Following Stephen's death, the Hayden brothers and Yanan shared use of the lake property. Pl. Ex. 10 at 4. On August 10, 2006, James and his wife Jamie hosted a birthday party for their daughter at the lake house. Id. at 1, 5. During the day, James was driving a jet ski to pull children on an inner tube. Pl. Ex. 4; Pl. Ex. 10 at 8-9. While James was pulling one of those children, thirteen year old H.G., the tube crashed into a dock and H.G. sustained a serious injury. Pl. Ex. 4; Pl. Ex. 10 at 8-9.
H.G. and her parents filed a lawsuit against James in Marion Superior Court for negligence in towing H.G. H.G. later filed an amended complaint in state court to add a claim for negligence against both James and Jamie for failure to obtain aid for H.G. after the accident. Dkt. No. 58, Def. Ex. 1. American Family filed this action seeking a declaration that Stephen's policy does not cover James or Jamie for H.G.'s claims. Other facts are set forth as needed below.

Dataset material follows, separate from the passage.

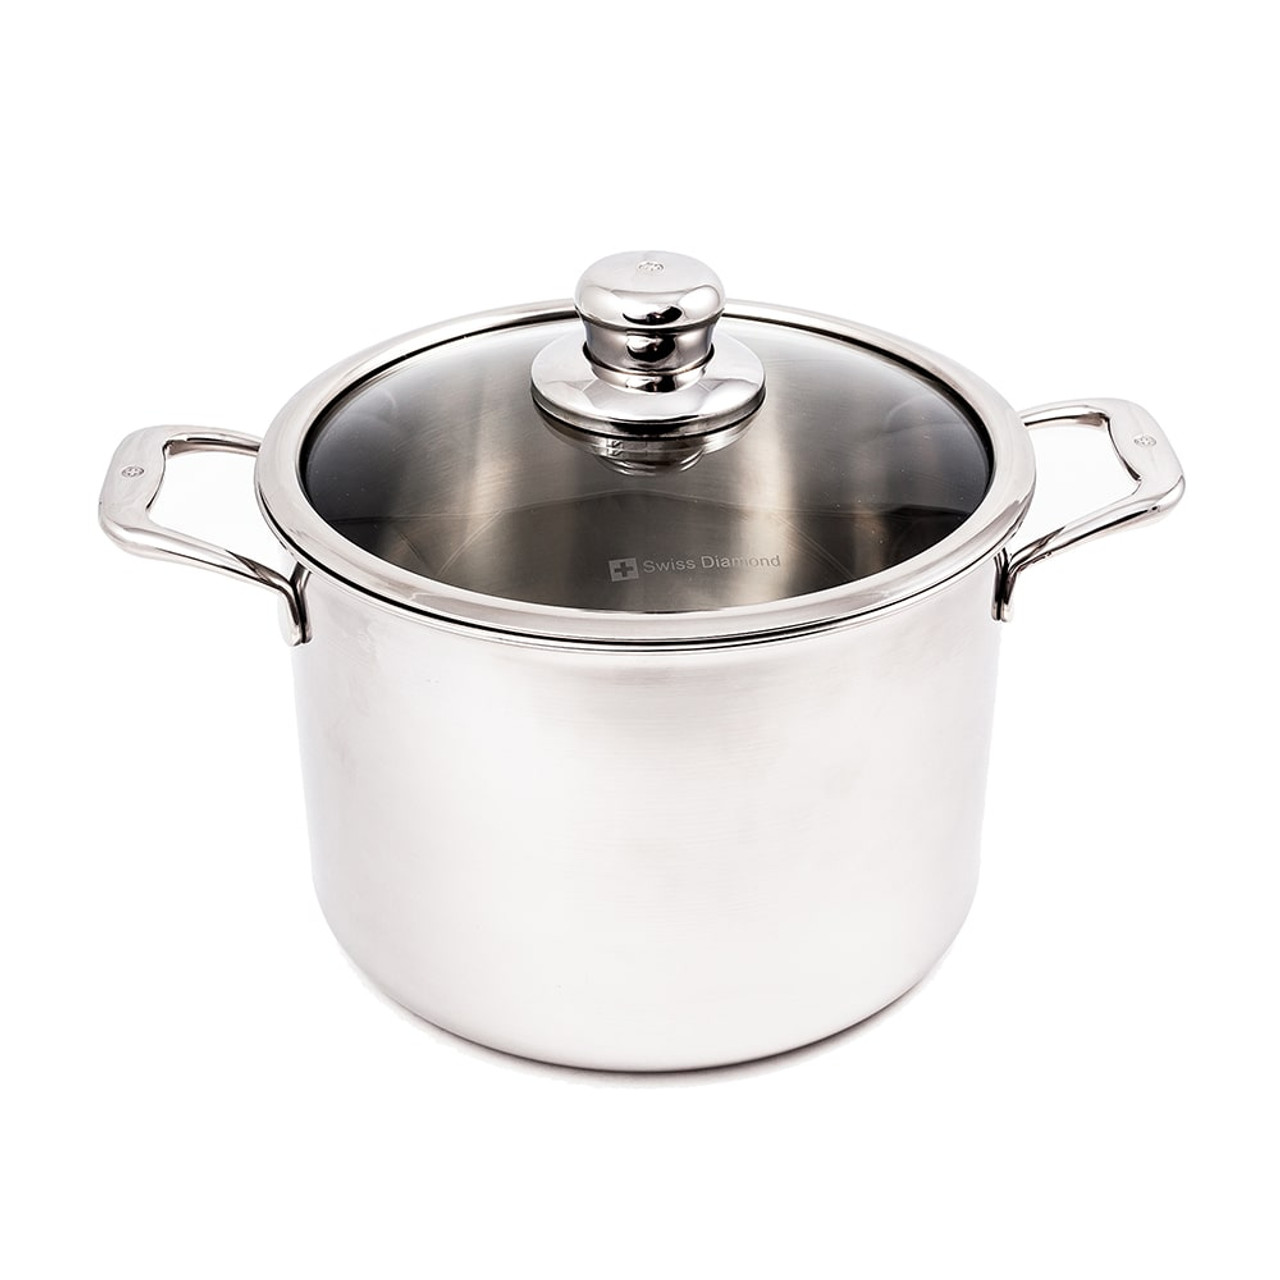 Gourmet Chef 10-Quart Stainless Steel Stock Pot with Glass Lid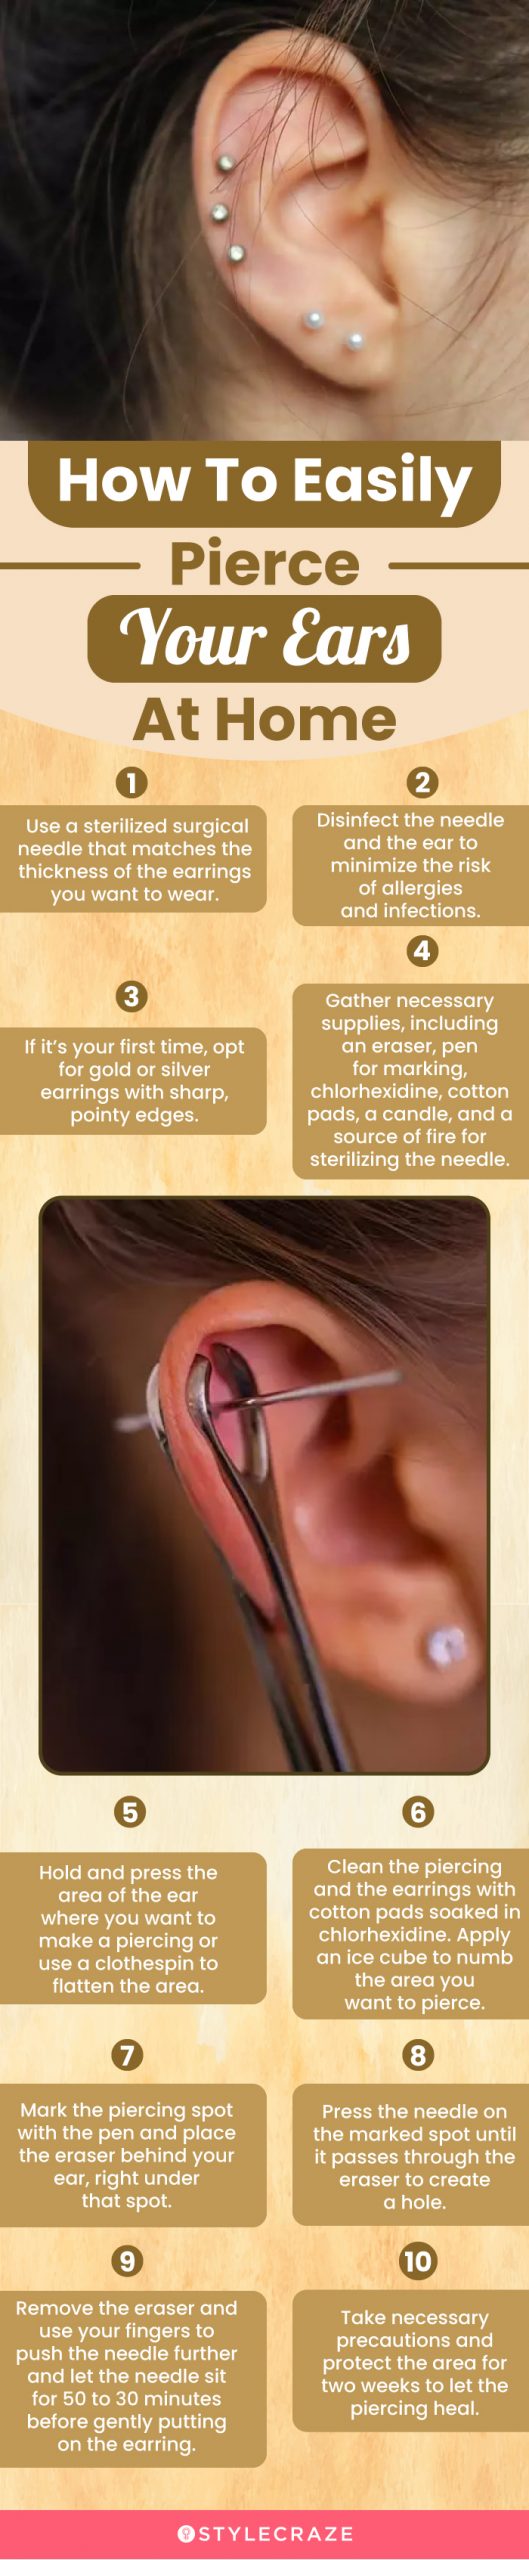 how to easily pierce your ears at home (infographic)

II. Stephen Hayden's Homeowner's Insurance Policy
This dispute focuses on the meaning of Stephen Hayden's homeowner's insurance policy. American Family contends that the policy covers neither James nor Jamie Hayden. The court includes some of the relevant policy provisions below. The parties dispute who was "insured" under the policy once Stephen died. The "DEFINITIONS" section provides:
5. Insured
a. Insured means you and, if residents of your household:
(1) your relatives; and
(2) any other person under the age of 21 in your care or in the care of your resident relatives.
. . .
c. If you die, the person having proper temporary custody of covered property replaces you as the named insured. This applies only to insurance on covered property and legal liability arising out of that property. If you die, any person who is an insured continues to be an insured while residing on the insured premises.
. . .
14. You and your refer to the person or people shown as the named insured in the Declarations. These words also refer to your spouse who is a resident of your household.
Pl. Ex. 2 at 1.
The policy provides personal liability coverage: "We will pay, up to our limit, compensatory damages for which any insured is legally liable because of bodily injury or property damage caused by an occurrence covered by this policy." Id. at 9. However, the policy contains an exclusion for certain watercraft:
Exclusions — Section II
Coverage D — Personal Liability and Coverage E — Medical Expense do not apply to:
. . .
19. Watercraft.
a. We will not cover bodily injury or property damage arising out of the ownership, supervision, entrustment, maintenance, operation, use, loading or unloading of a watercraft: (1) with inboard or inboard-outdrive motor power owned by any insured;
. . .
This exclusion does not apply while such crafts are stored on the insured premises nor to bodily injury to any domestic employee arising out of and in the course of employment by any insured.Id. at 10, 12.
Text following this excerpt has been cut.